Понятно, в расстройстве я был тогда, выражаясь подобным образом. Только не обиделась мадам Огуречкина — взяла меня за руку:
— Успокойтесь. Я тоже дитё потеряла. Недоглядела я его, не сберегла… И вот он ножницами подавился.
И посмотрела она на меня грустным взором.
Открыл я ключиком дверь, вошел в комнатную обстановку. И таким мне пахнуло запахом. Сливы любила маменька. Особенно старую сушку. И вот пахнуло на меня этими сливами… Присел я на топчанчик в углу и заплакал.
«Эх, маменька, маменька! Зачем, — думаю, — вы ушли от меня и куда, например, неизвестно. Вы себе, — думаю, — погреблись в могиле, а мне каково оставаться!»
Закрыл я лицо руками.
«Как, — думаю, — представить себе ее помертвевшие черты? Все эти морщинки у глаз и вообще лицевые мускулы незабвенной материнской физиономии?»

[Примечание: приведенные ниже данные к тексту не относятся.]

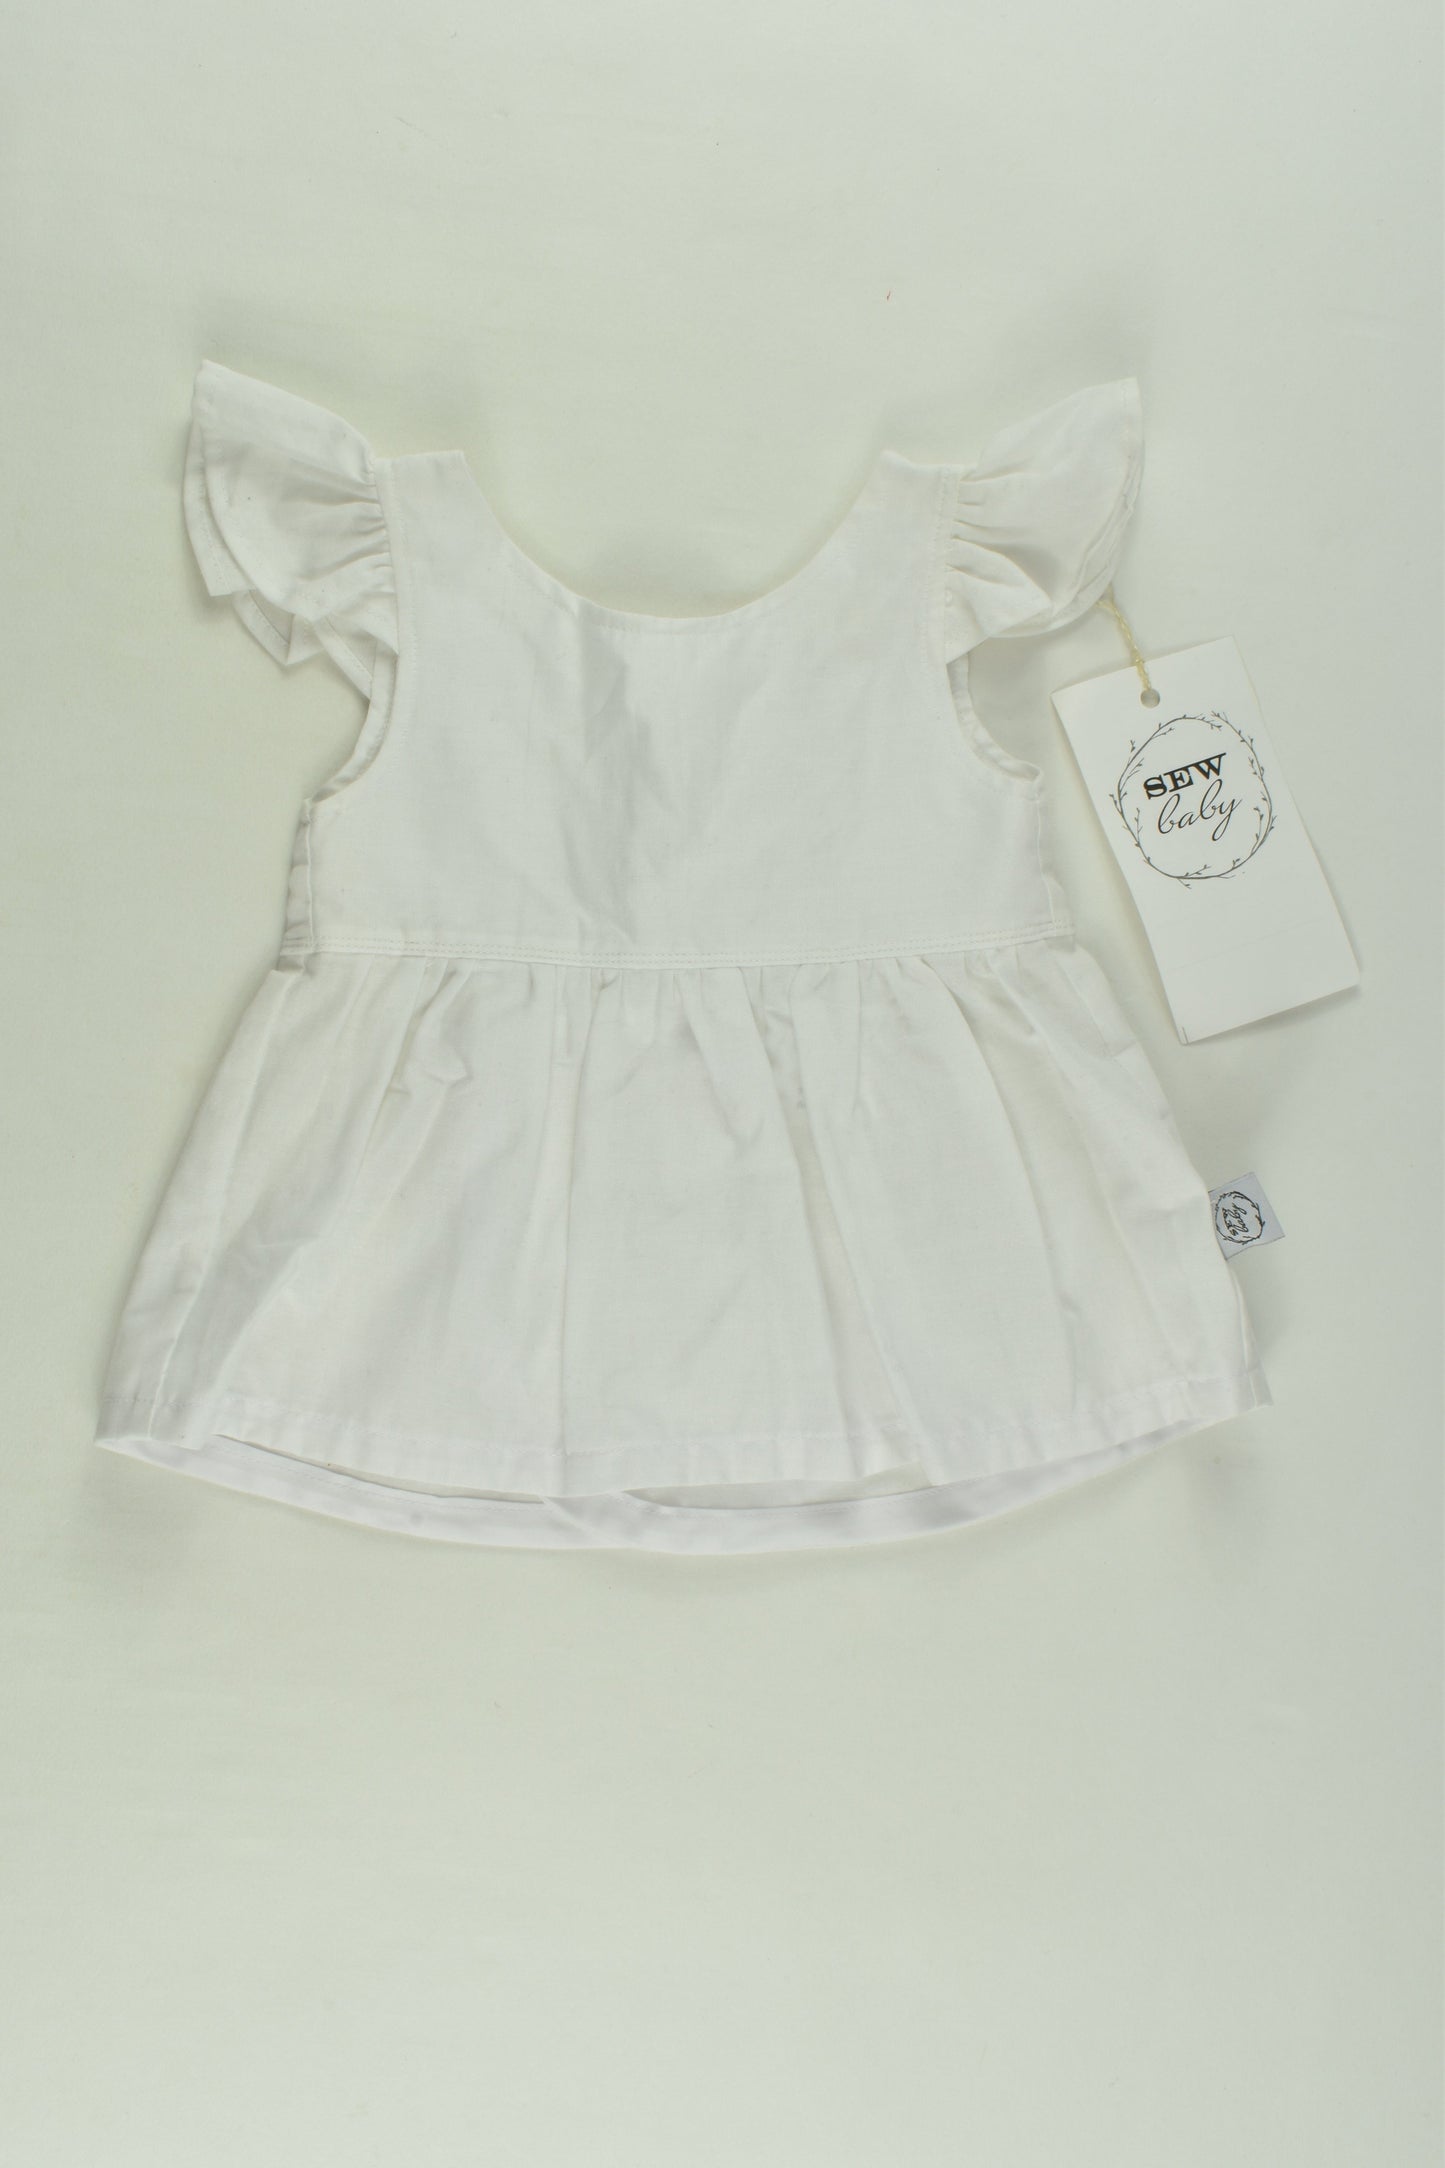 NEW Sew Baby Size 00 Handmade Peplum Top

Между тем совершенно стемнело, и лампу пришлось зажечь.
Открыл я оконце. Ароматы пошли от деревьев. И козявки слетелись на абажур. Бегают они себе по столу преспокойно. Досадно мне стало и грустно.
«Вы, — думаю, — бегаете… а маменька нет».
И опять-таки слезы из глаз текут. Раздражительность у меня появилась. На мотылька посмотрю ночного и здесь же помыслю: «Ты вот летаешь… а маменька нет…»
И миры меня раздражали в небе. И то, что от деревьев такое приятное обоняние происходит… Словно бы все это посмеивалось надо мной.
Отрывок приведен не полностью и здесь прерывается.